Tray of Mars analog soil within the Mars chamber during a surface simulation. Tread marks were created by rolling the contaminated rover wheel four times over an area that equates to approximately 1 m of traversed martian terrain. Heat-sterilized wooden toothpicks (WT) were used to mark the edges of the UV-enriched beam striking the upper surface of the Mars analog soil. A thermocouple (TC) was inserted into the soil to monitor the surface temperature (−10°C, +/− 2°C) of the UV-irradiated soil during all tests. The tray of Mars analog soil contained 820 g of Hawaiian palagonite and was placed directly onto the liquid nitrogen cold plate (LN2). Color images available online at www.liebertonline.com/ast

2.5. Statistical analyses

Statistical analyses were conducted with version 9.2 of the PC-based Statistical Analysis System (SAS Institute, Inc., Cary, NC, USA). Data for the biocidal effects of Mars solar UV irradiation on rover wheel contamination (n=5), and on the survival of B. subtilis on the surface of the Mars analog soil (n=6), were separately analyzed with analysis of variance (ANOVA) procedures followed by protected least-squares mean separation tests (P≤0.05).

3. Results

3.1. Survival of Bacillus subtilis endospores on external surfaces of a rover wheel

During the UV-irradiated rover wheel assay, the numbers of recovered endospores were lowest in lanes 7, 8, and 9 for all three UV time steps, and all lanes were significantly different from T=0 controls (P≤0.05; Fig. 3). Although lane 15 was the most protected from the direct UV irradiation and exhibited the highest survival rates for all three time steps of UV exposure, lane 15 still exhibited a 61% decline between 1 and 3 h, and an 18% decline between 3 and 6 h of UV exposure (P≤0.05). In general, the greatest level of inactivation occurred after 1 h of UV exposure. Significantly lower numbers also were observed for most wheel lanes between 1 and 3 h (P≤0.05) (94.6% overall reduction below controls for 3 h samples), but not between 3 and 6 h (P>0.10) (96.6% overall reduction below controls for 6 h samples) of UV exposures.

FIG. 3.

Effects of 1, 3, or 6 h of Mars UV irradiation on survival of endospores of Bacillus subtilis HA101 applied to tread surfaces on the simulated MER wheel. Lanes 7 and 8 were in the nadir position directly facing the UV-enriched light beam entering the Mars chamber. Lanes 1 and 15 were at the 180-degree-off-nadir position and shielded from all direct UV irradiation. The UVC (200–280 nm) fluence rate on lanes 7 and 8 was 4.1 W/m². Data were analyzed with ANOVA and protected least-squares mean separation tests (P≤0.05; n=5; bars are standard errors of the means). Note the change in scales for the y axes for the 1, 3, and 6 h results. The dashed line indicates the T=0 starting population of 405 endospores recovered per lane on non-UV exposed controls. All lanes exposed for 1 h to Mars UV irradiation were significantly lower than the T=0 controls; most treatments were significantly different between 1 and 3 h (P≤0.05) but not between 3 and 6 h (P>0.10) of UV irradiation. Reductions in numbers of recovered B. subtilis endospores on lanes 1–6 and 10–15 were due to reflected UV irradiation off the liquid nitrogen cold plate and side walls of the Mars chamber.

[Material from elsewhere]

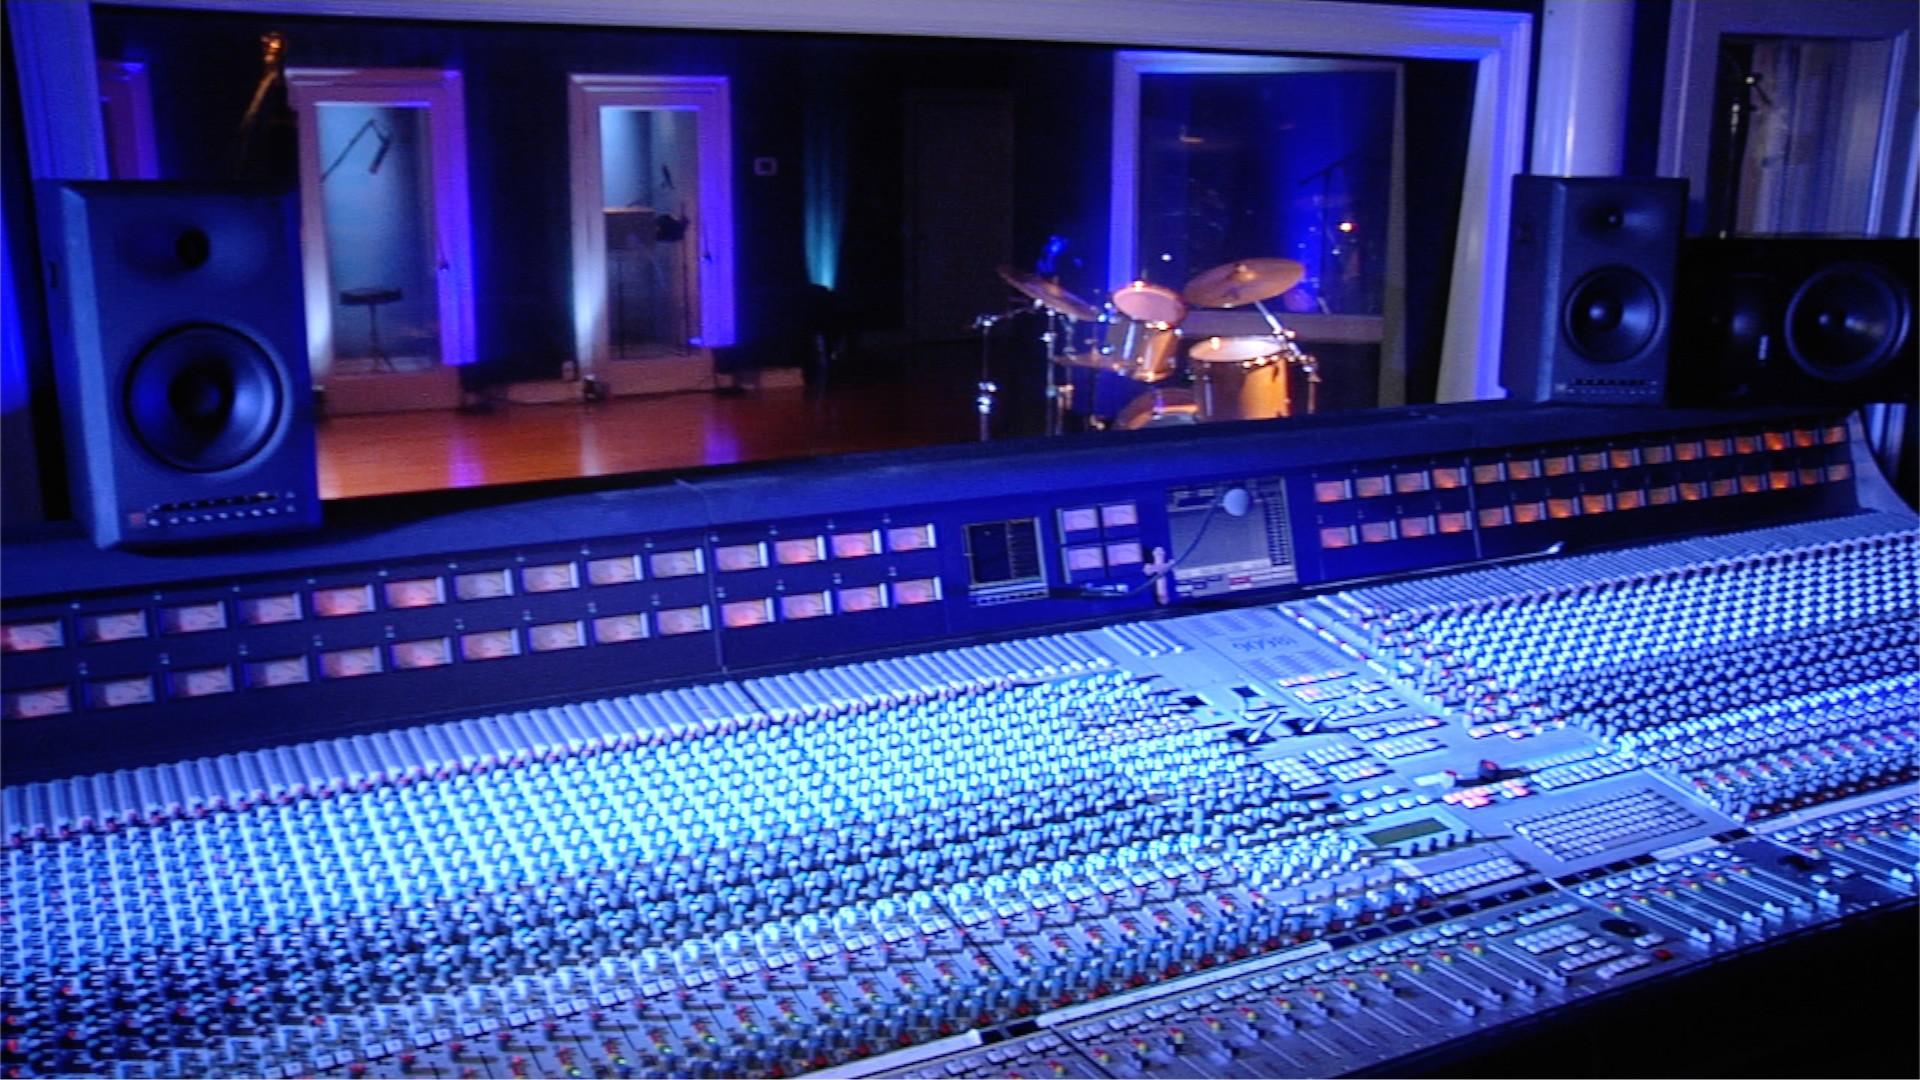 1920x1080 Wallpaper Futuristic Girl Music Recording Studio Hd Wallpaper 74 Images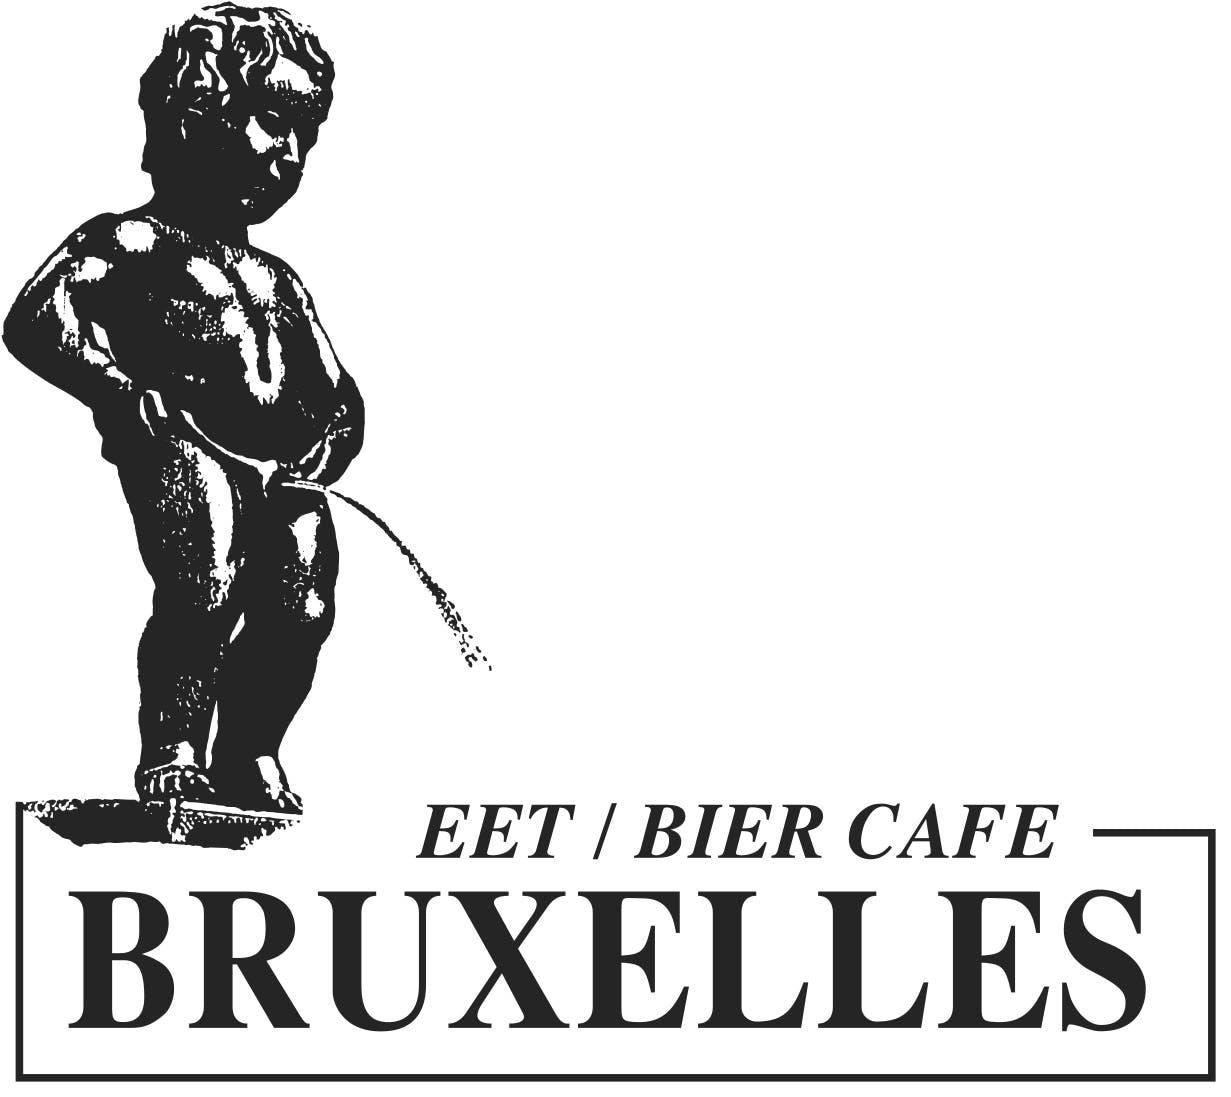 Eet-biercafe Bruxelles Logo

When exposed to Mars UV irradiation for 1 h, the overall average for all lanes was 77.8 endospores recovered per lane, which was significantly lower than the T=0 average of 405 endospores per lane. After 1 h of UV, lanes 7 and 9 exhibited the least survival (Fig. 3), with the average number of recovered spores between 4 and 16 endospores per lane, respectively. Lane 8 endospore survival was similar to lanes 7 and 9 except for one out of five repetitions of the experiment, in which recovered endospores were dramatically higher from lane 8. In general, between 0 and 18 endospores were recovered at 1 h for lanes 7, 8, and 9 for most repetitions compared to 418 endospores for one repetition of the experiment in lane 8. When exposed to UV irradiation for 3 or 6 h, the overall averages were 21.6 or 13.9 endospores recovered per lane, respectively, with lanes 5–9 having the lowest survival rates.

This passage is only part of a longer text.